Sí, pero me parece que la gente tiene razón. Los políticos no han dado una buena imagen de lo que es la política, sino que la han corrompido y manoseado. La política debe servir para beneficiar a los demás y no para beneficio propio. Muchas veces eso de que se vayan todos es responsabilidad de los propios políticos.

¿A propósito del que se vayan todos, dónde estaba en el 2001?
Fundando el ARI con Elisa Carrió porque estaba cansada de los problemas que presentaba el radicalismo y consideré que Carrió era una persona muy honesta en su pensamiento y muy concreta en lo que tenía planificado en la política de este país. Sigo al lado de ella porque considero que no ha defraudado sus ideales.

¿Se sigue sintiendo radical?
Sí, indudablemente sigo teniendo mi corazoncito en la ideología del radicalismo; me fui porque muchos dirigentes radicales desvirtuaron esa ideología. El radicalismo es un sentimiento, es hereditario. Cuando me fui del radicalismo sentí mucho dolor y mucha bronca, pero también mucha alegría porque estaba emprendiendo un camino que quería emprender.

¿Volvería a la UCR?
No, creo que no. Igualmente tenemos que tratar de hacer lo mejor posible para lograr acuerdos y entendimientos para seguir trabajando cosas que tenemos en común.

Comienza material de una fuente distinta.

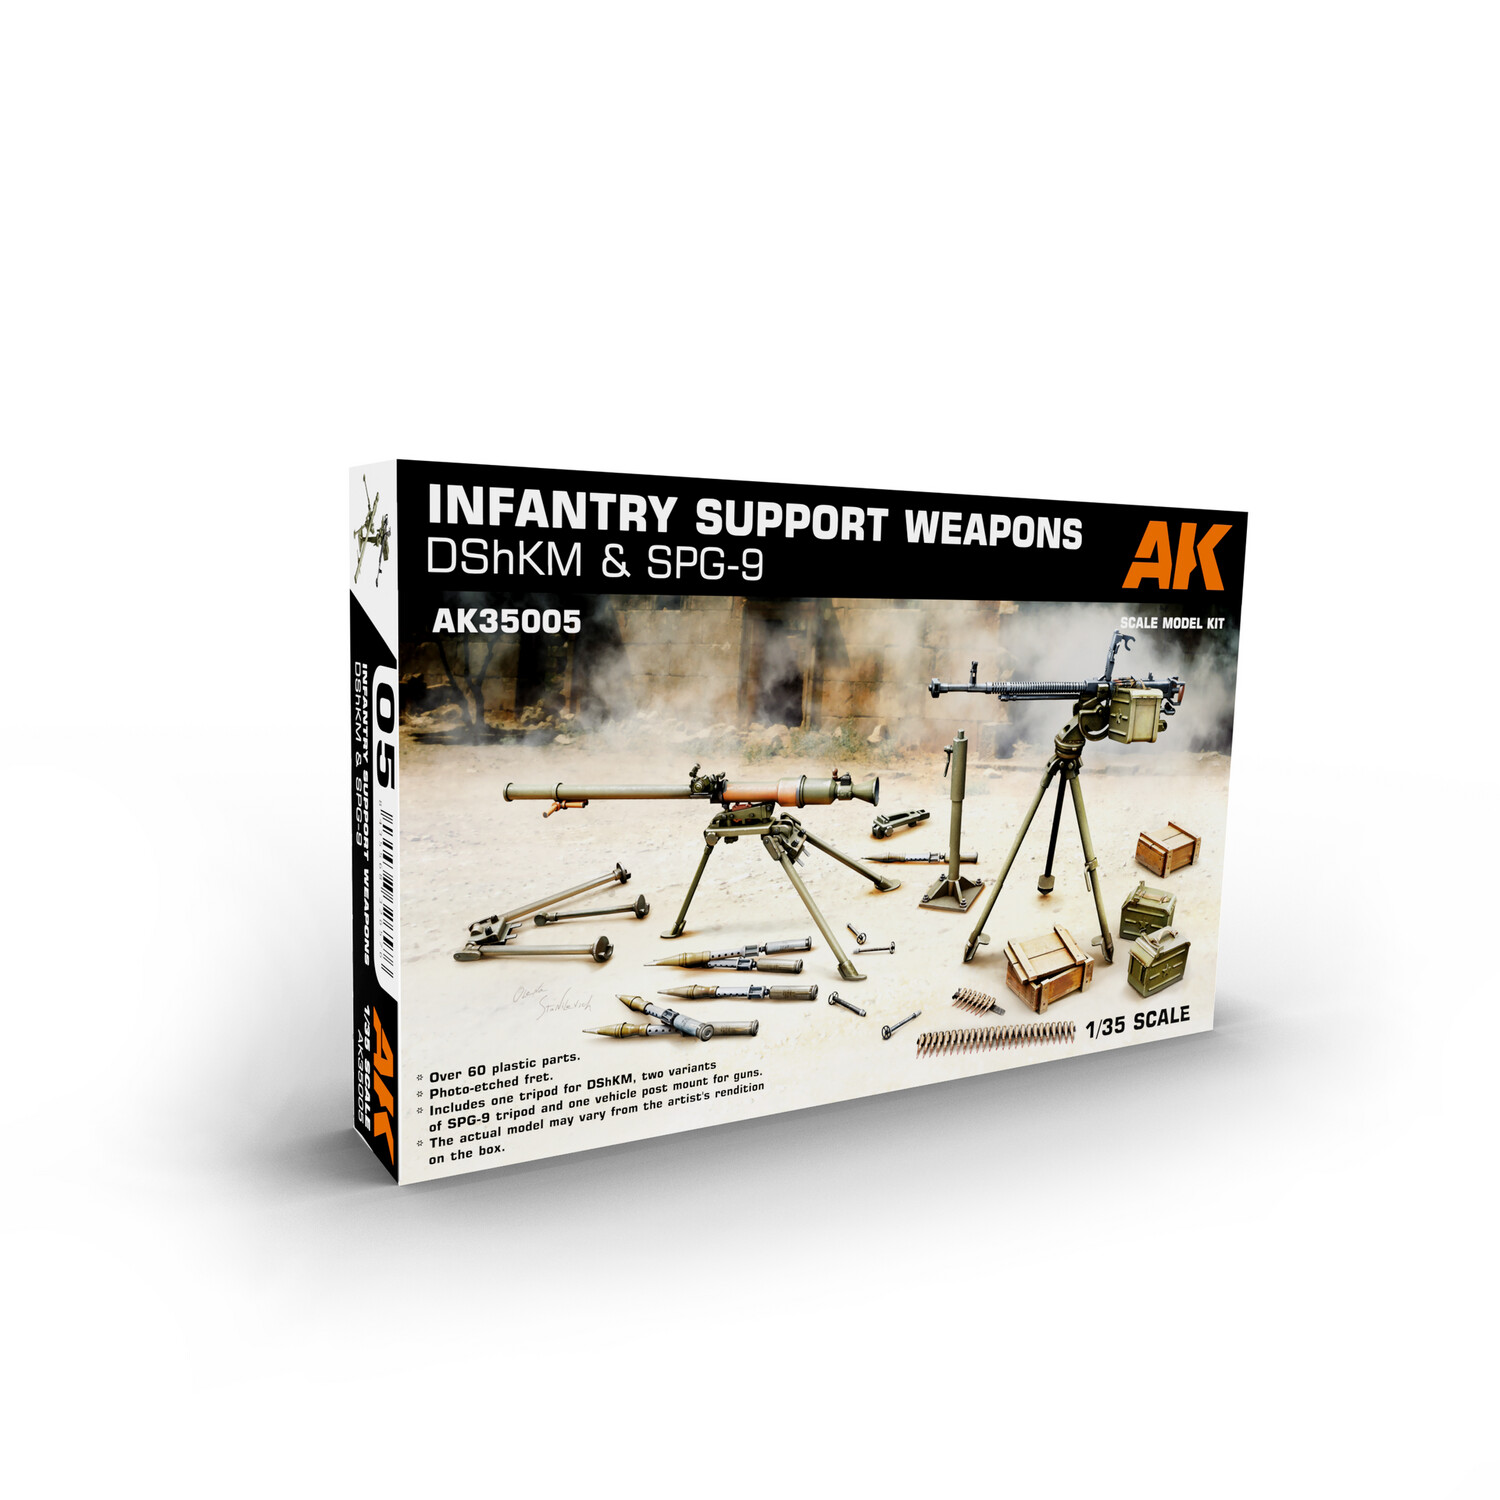 AK AK35005 - Infantry Support Weapon DShKM & SPG - 9

¿Qué diría de la Legislatura?
Que es algo mucho más importante de lo que se ve desde afuera; que hay cosas que se hacen en la Legislatura que son muy importantes para los habitantes de la ciudad de Buenos Aires.

¿Qué hace en sus ratos libres de la política?
Los sábados salgo con mi nieto Lucas, porque el otro tiene apenas seis meses, y lo llevo al teatro, al parque, a comer; lo llevo a todos lados y me desconecto mucho. Y los domingos invito a comer a toda la familia.

¿Cocina?
Antes, ahora compro todo hecho; ya no tengo paciencia para ponerme a cocinar para todos.

¿Vacaciones?
Amo la playa. San Bernardo es mi lugar favorito; hace 20 y pico de años que vamos, mis hijos tienen a sus amigos, ahora casados con chicos, y seguimos fomentando esas relaciones familiares y de amistad; somos un batallón.